MATERIAL FOR THIS EXERCISE »
.....

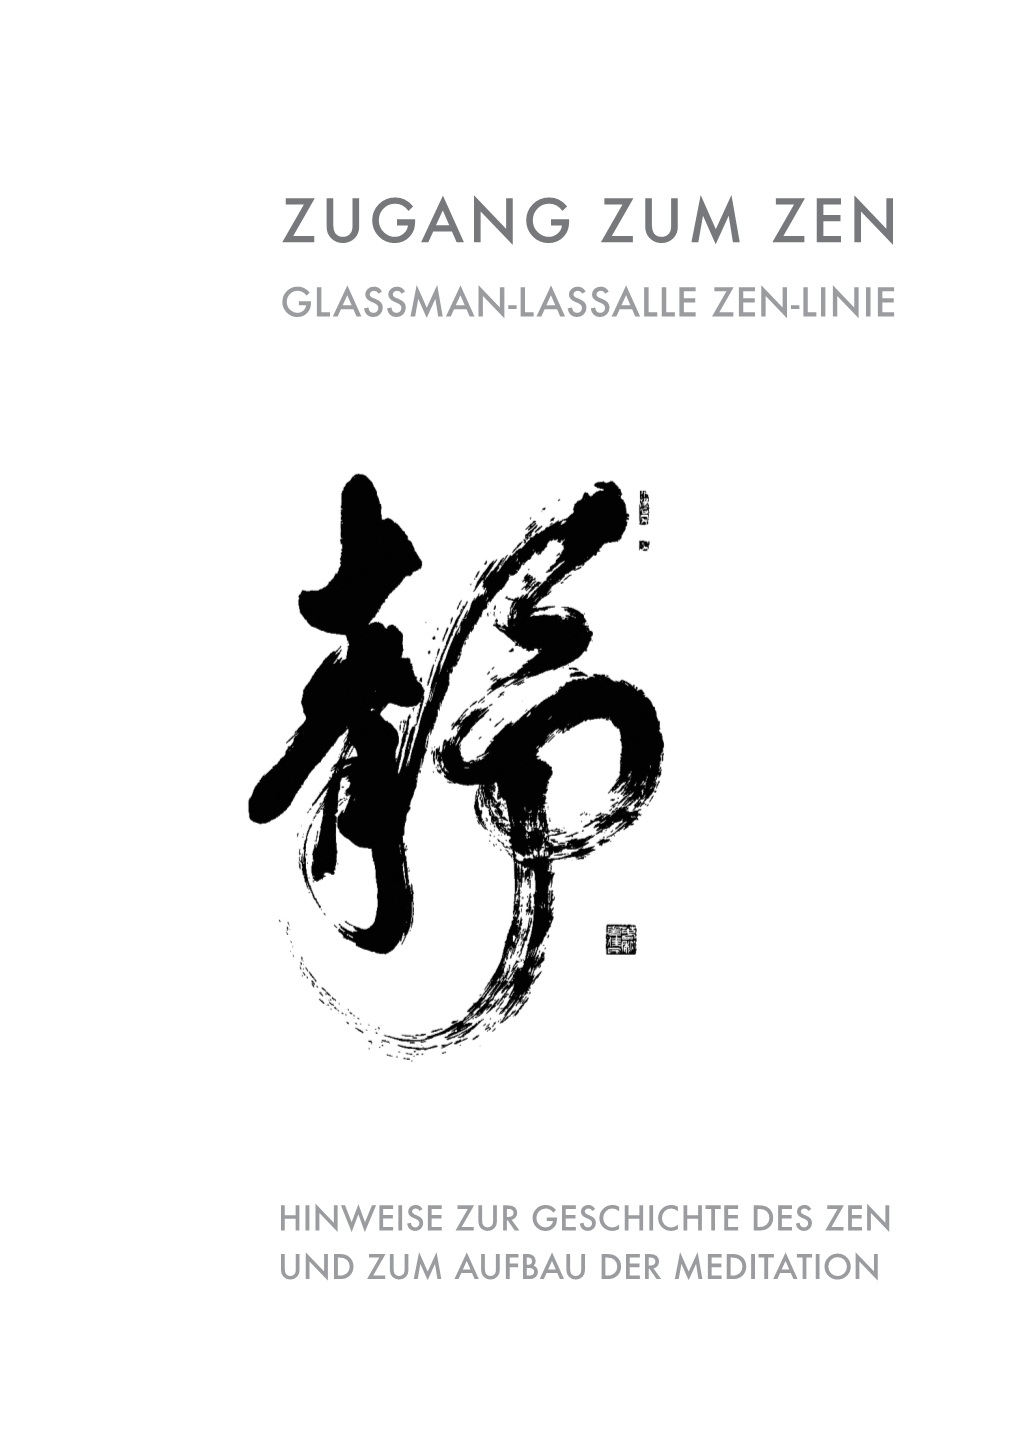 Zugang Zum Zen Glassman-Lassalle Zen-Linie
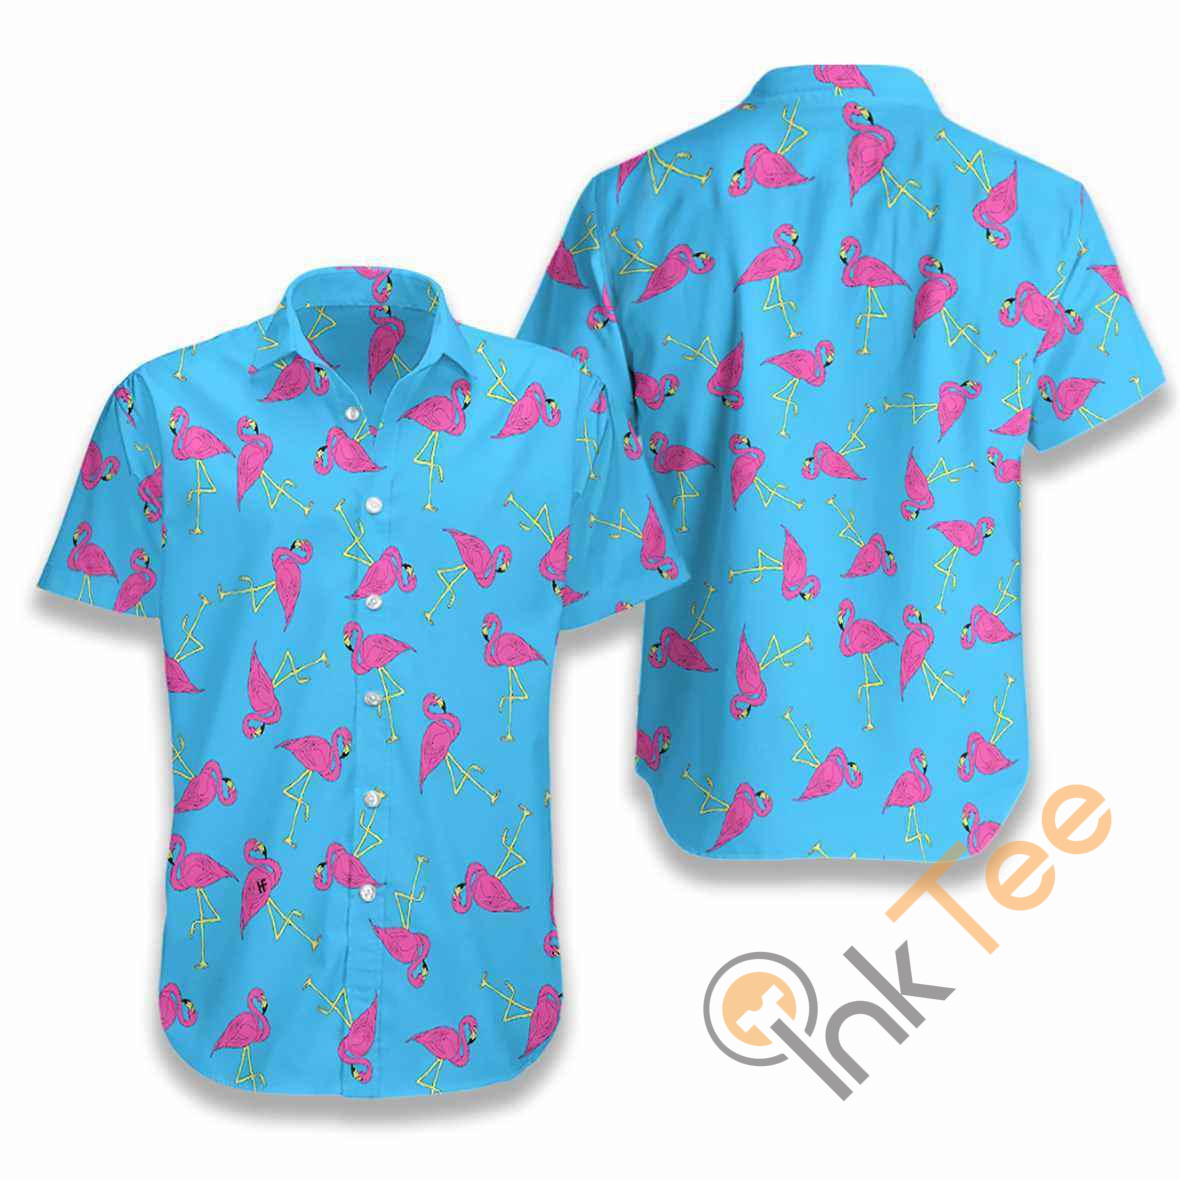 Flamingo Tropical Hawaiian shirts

.....

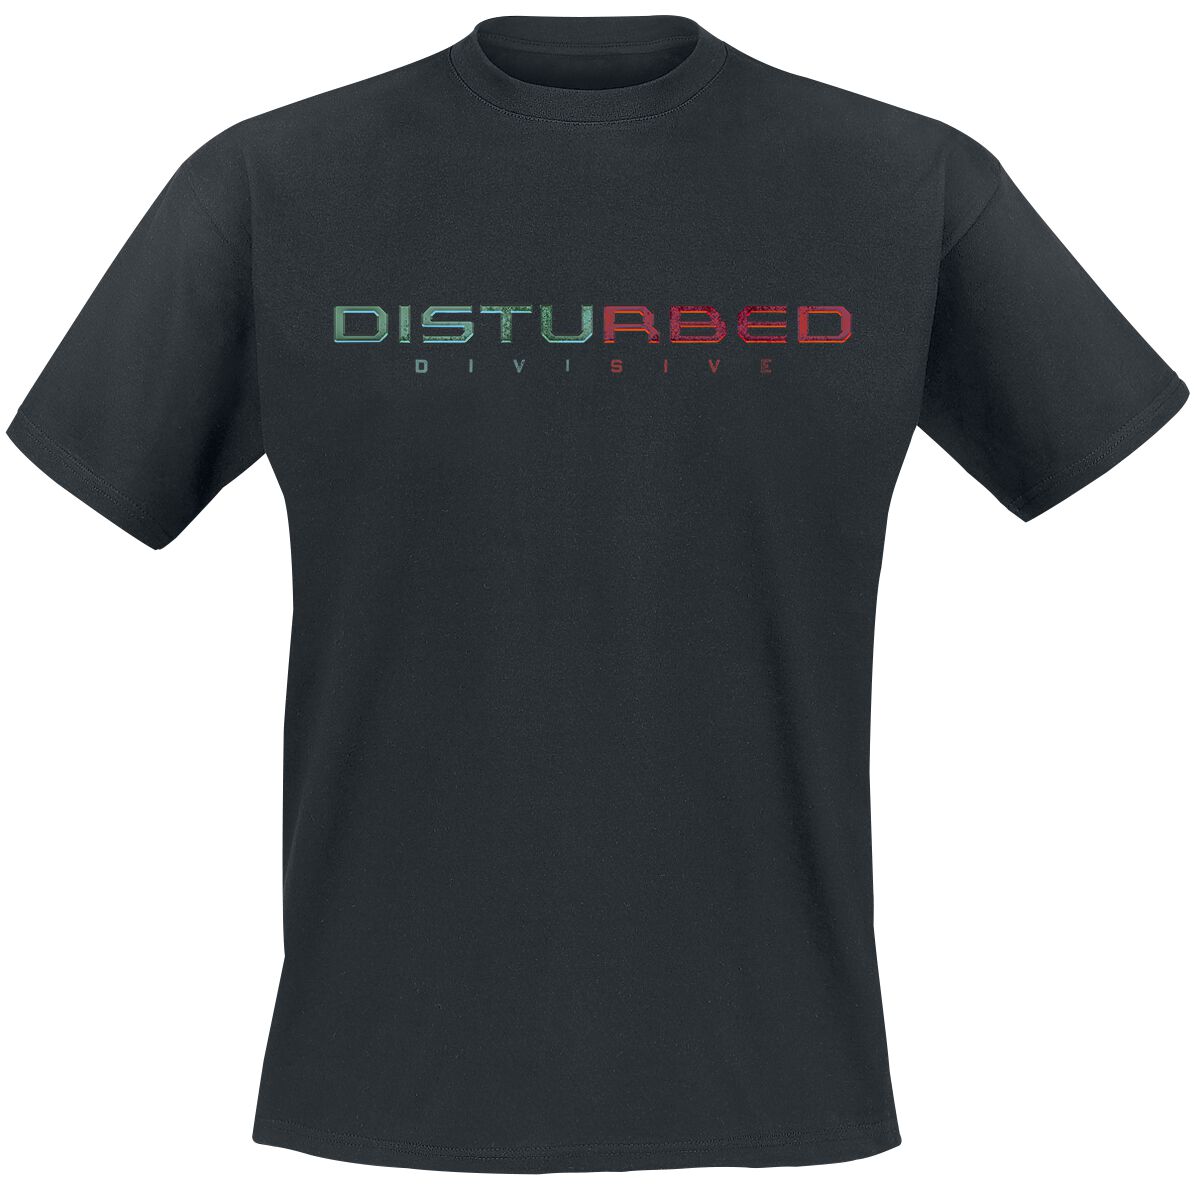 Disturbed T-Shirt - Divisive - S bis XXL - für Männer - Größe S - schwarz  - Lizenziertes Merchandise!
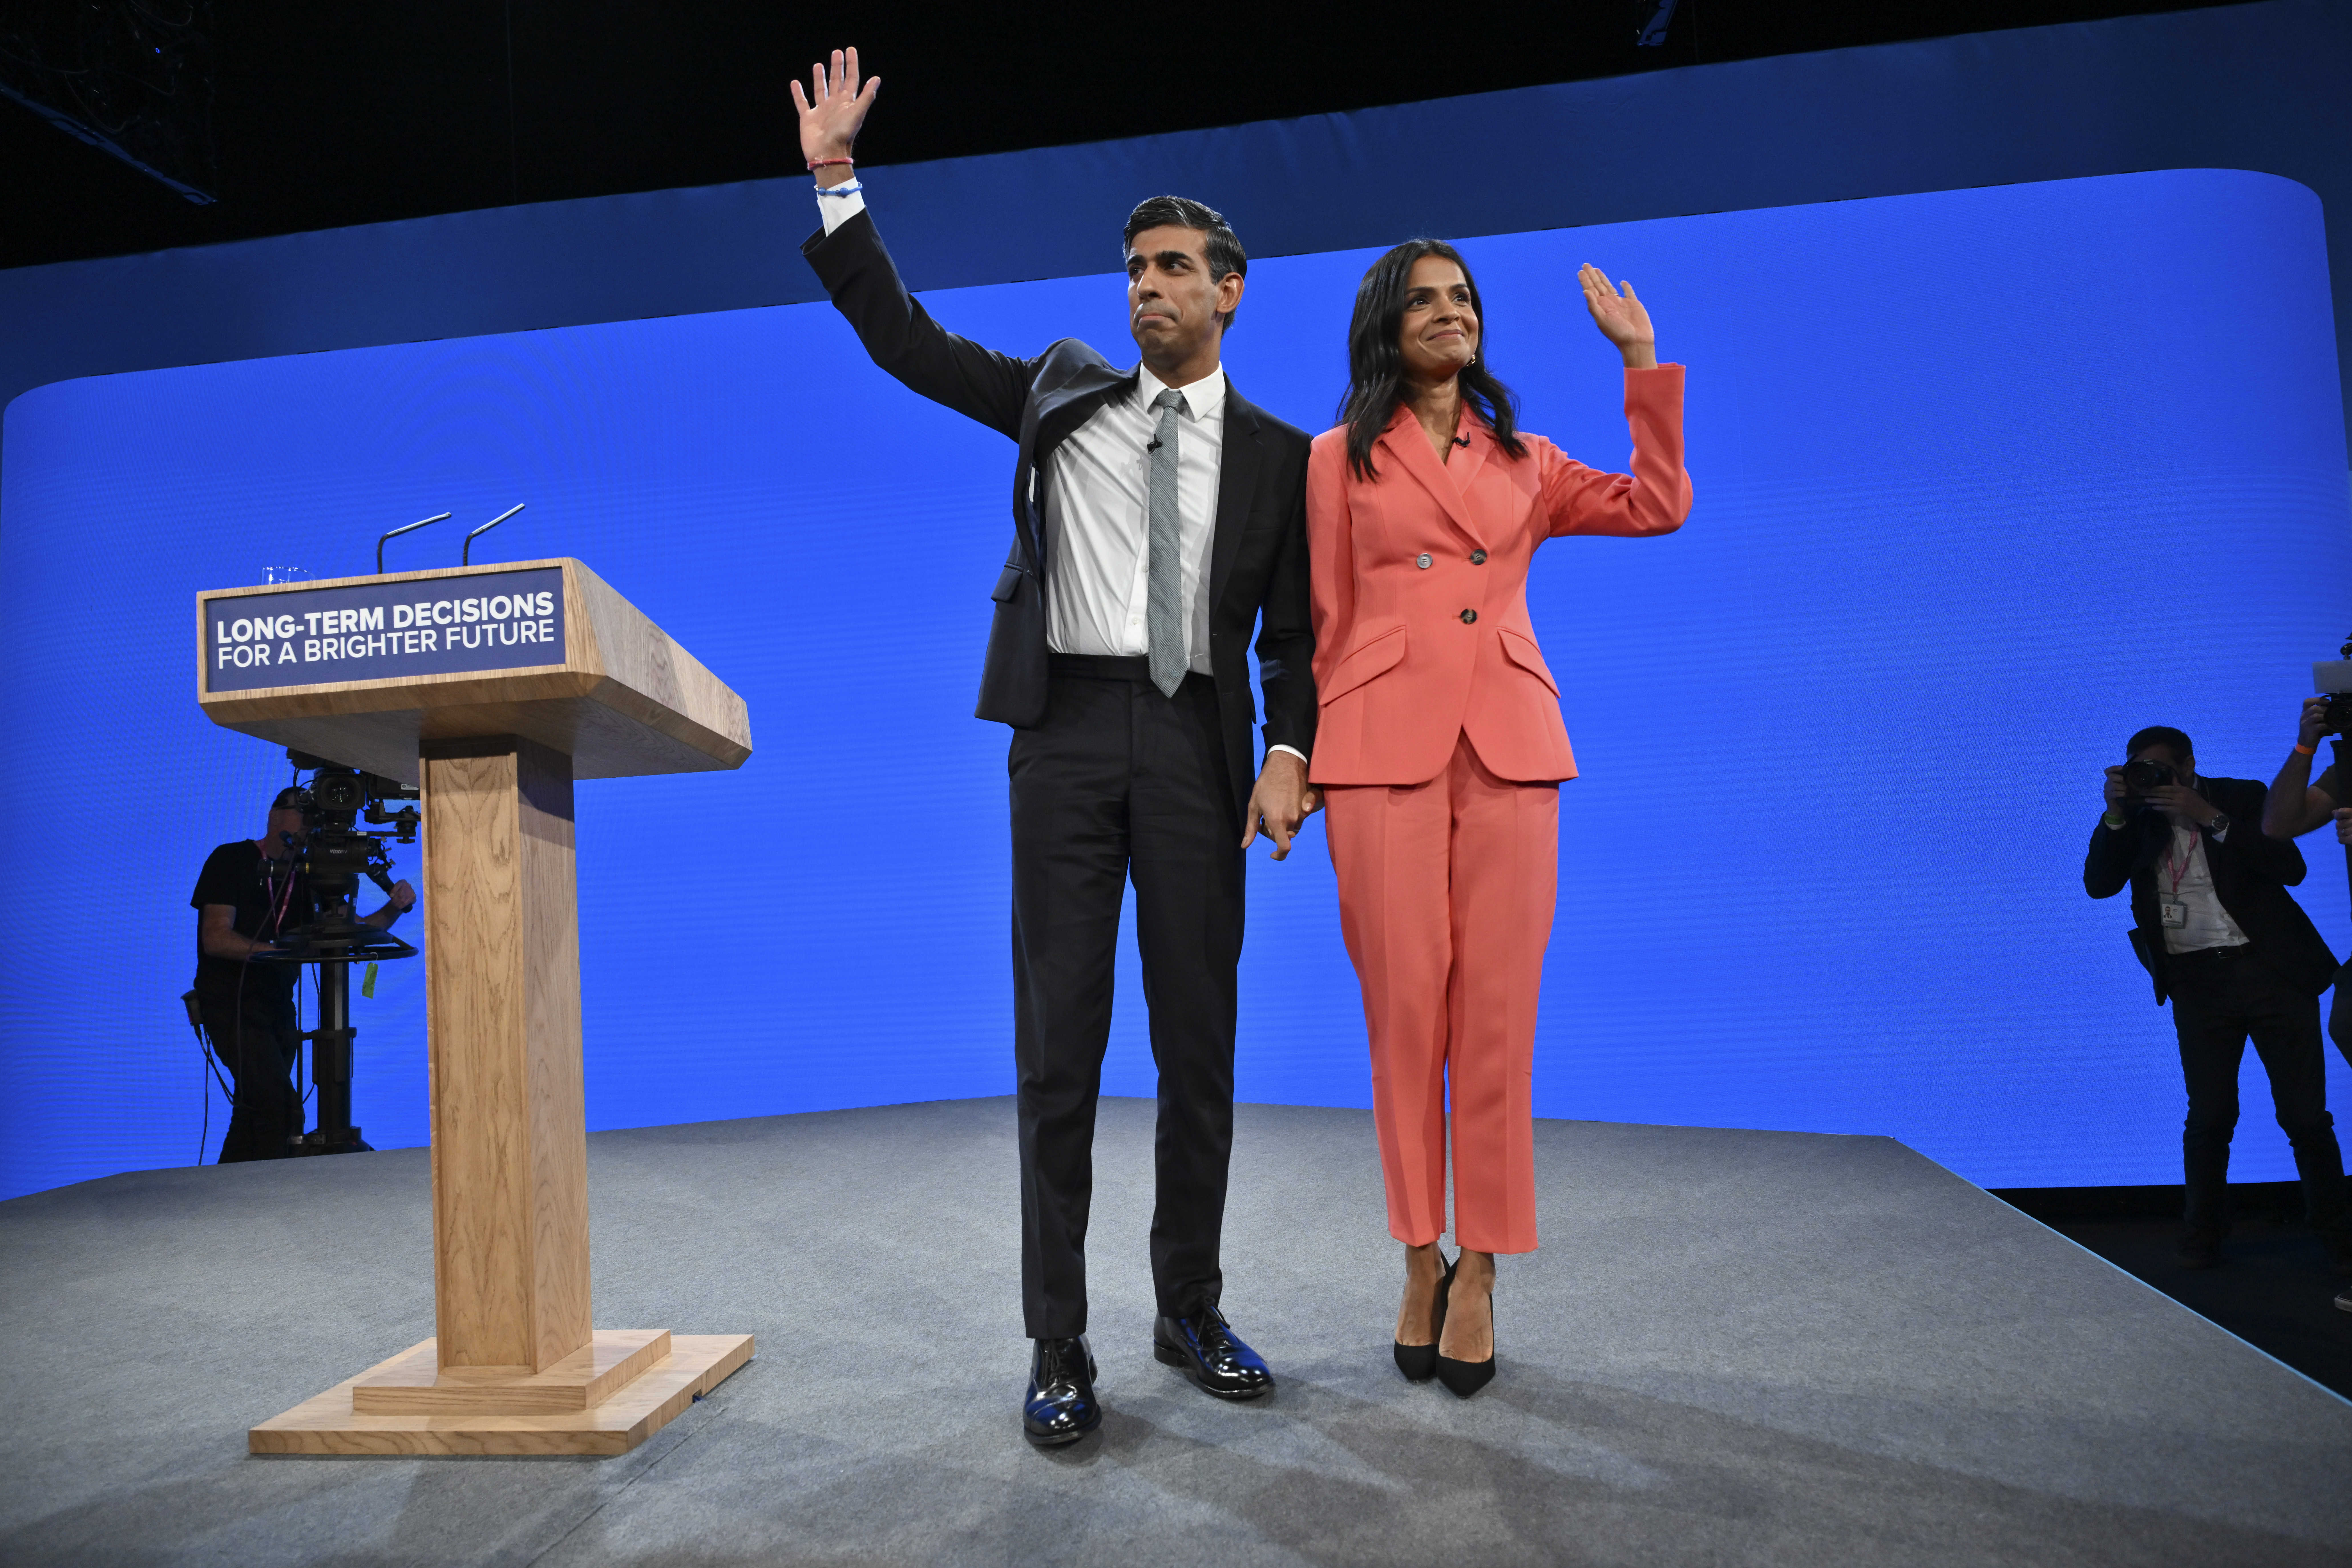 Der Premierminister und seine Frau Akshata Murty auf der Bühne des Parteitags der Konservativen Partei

.....

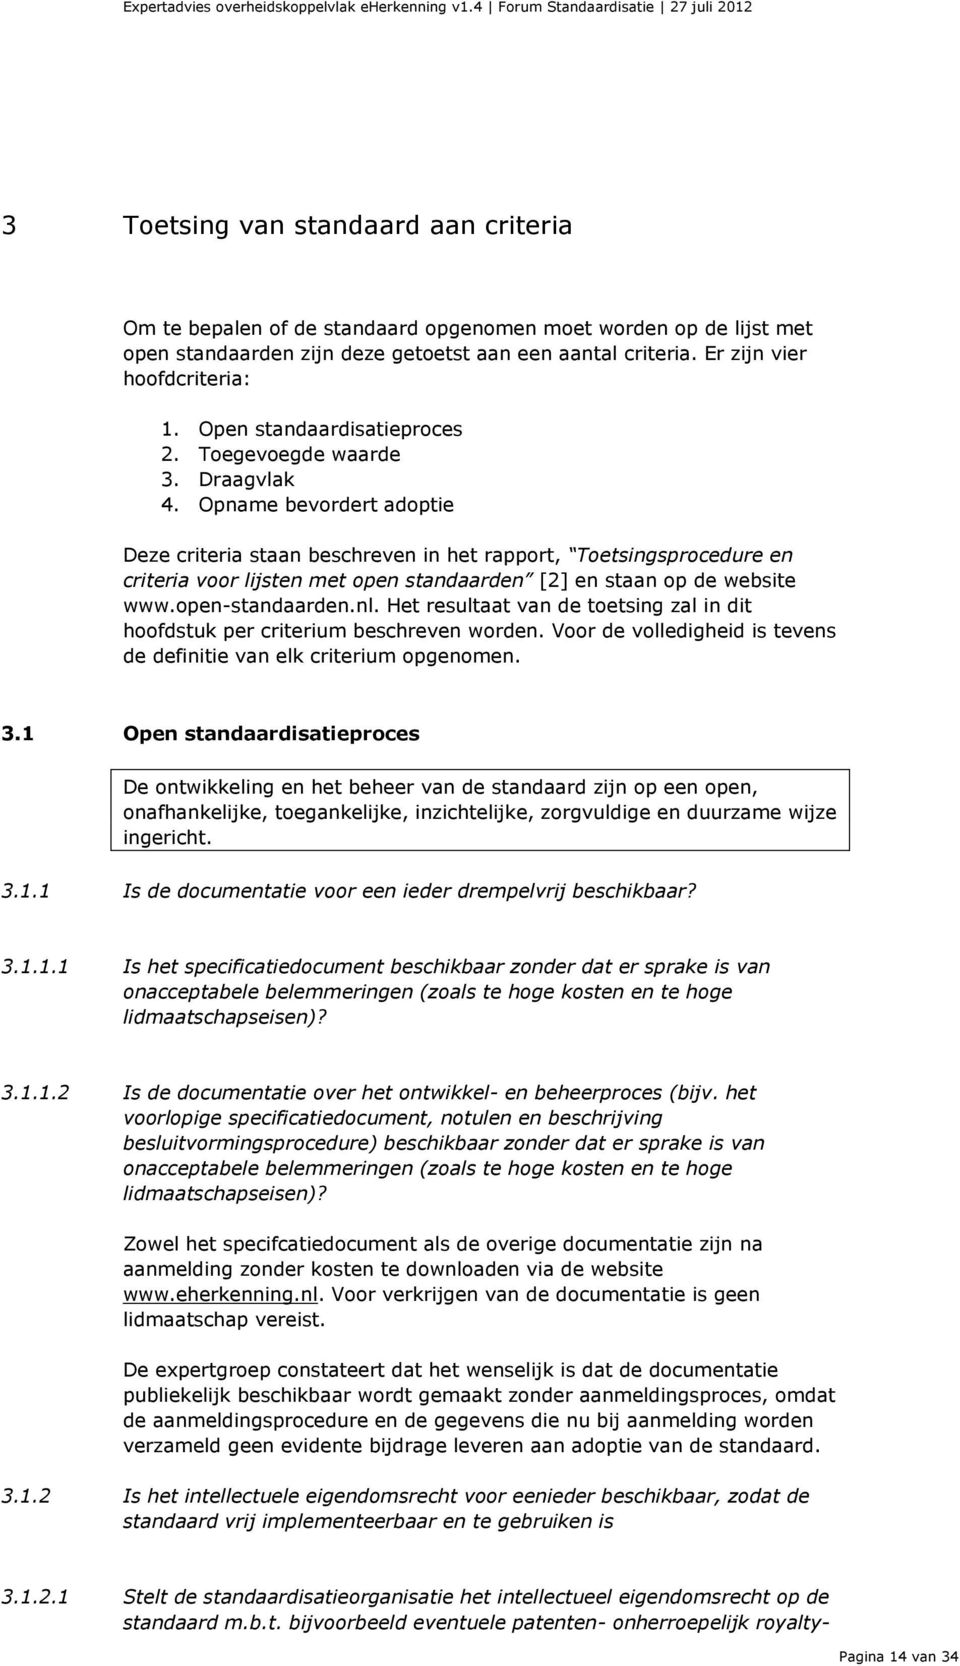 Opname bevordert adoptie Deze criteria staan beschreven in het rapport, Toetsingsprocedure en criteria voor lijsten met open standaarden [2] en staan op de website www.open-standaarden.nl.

.....

PROBLEM TO SOLVE » From the listing above, please give again the lines that begin with the line holding "Zugang Zum Zen Glassman-Lassalle Zen-Linie" and go on through the line holding "Flamingo Tropical Hawaiian shirts", exactly, both ends included, minus any picture.

SOLUTION FOR THIS PROBLEM »
 Zugang Zum Zen Glassman-Lassalle Zen-Linie
 Flamingo Tropical Hawaiian shirts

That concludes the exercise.